Dialpad announced Miner’s appointment alongside the name change. Dialpad is headed up by Craig Walker, the founder of GrandCentral, the company that eventually became Google Voice. “No one on the planet knows more about the mobile space than Rich,” Walker said. GV was an early investor.

The startup competes in the same space that RingCentral does, essentially offering a software-based phone system for businesses that’s a lot more flexible and mobile-friendly. It’s integrated with Google Apps and also with Microsoft’s Office 365, and has features for chat, voice calls, conferencing, sharing documents and video calls.

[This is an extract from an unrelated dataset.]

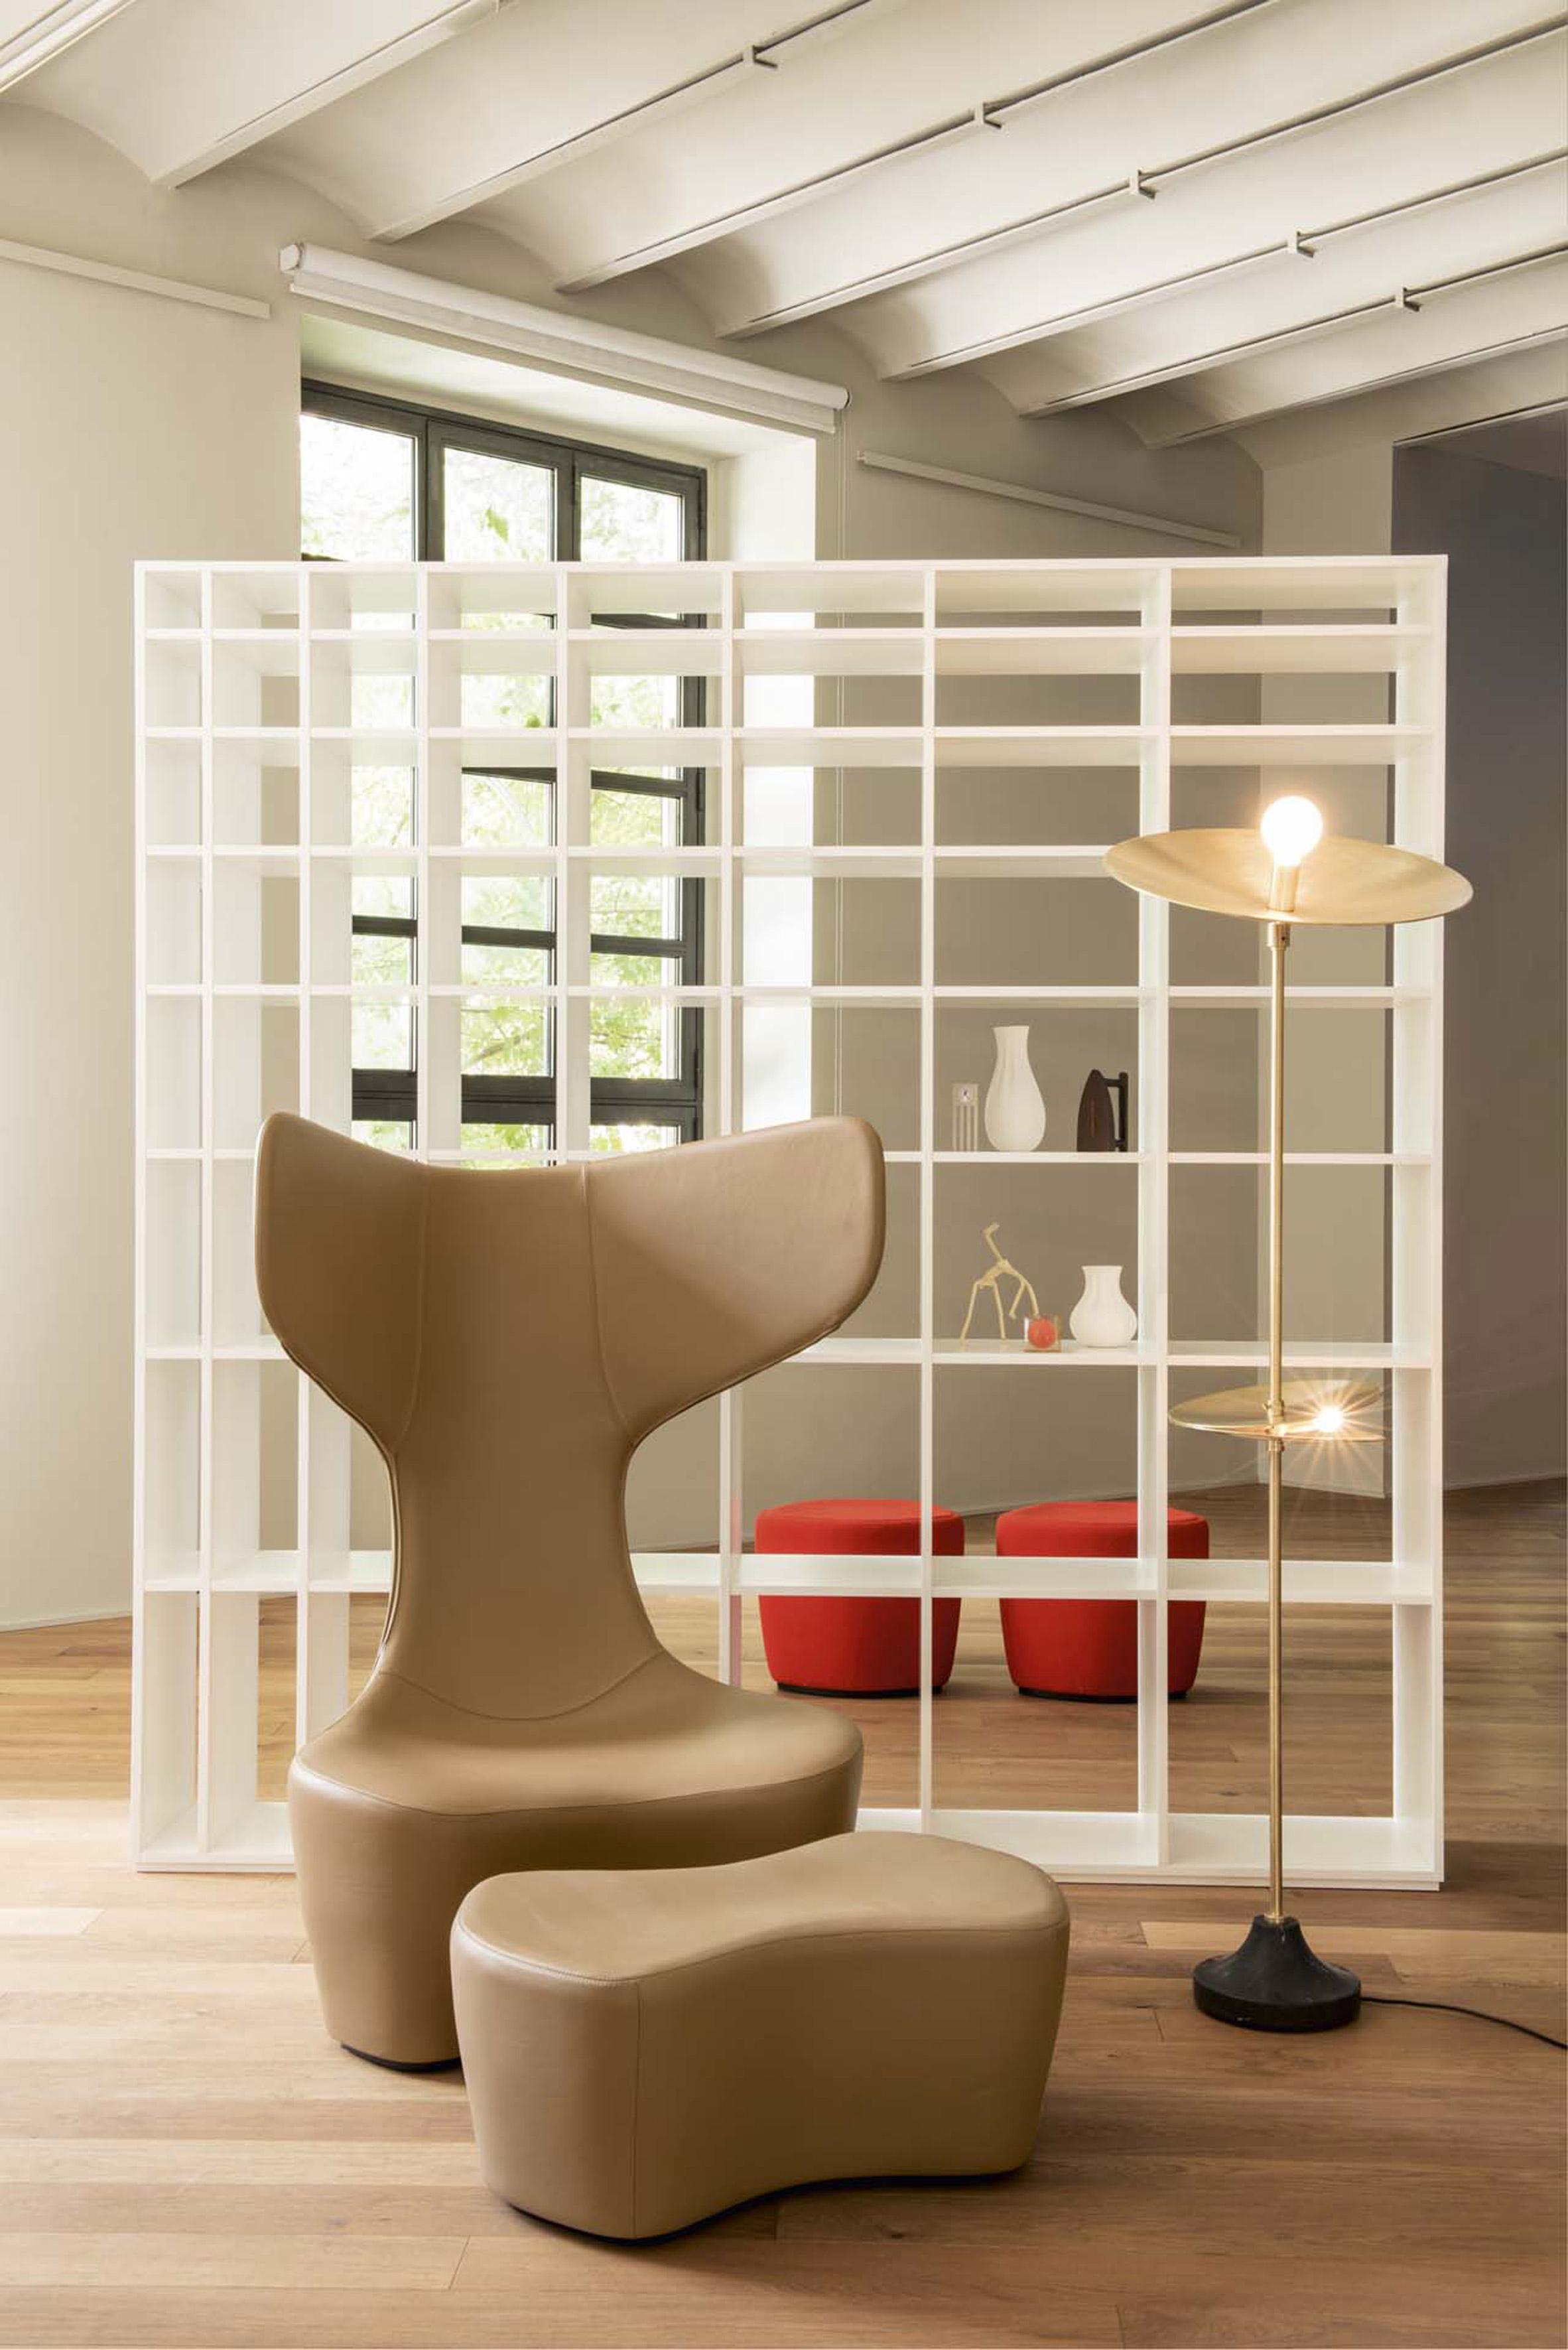 Luminaire to host Shiro Kuramata exhibition during Design Miami

The Dialpad name dates back to an earlier company of that name founded in 1999 which focused on Internet calling that was acquired by Yahoo in 2005. “We’ve wanted to get ahold of the Dialpad name for awhile. Yahoo hadn’t been using it.” Walker said.

Aside from the investment from GV, Dialpad has raised a combined $53 million in three rounds from Andreessen Horowitz, Amasia, Felicis Ventures, Work-Bench and SoftBank. It has also started landing large customers. It will announce at a conference in Orlando that it has landed a 22,000-user deployment with Motorola Solutions.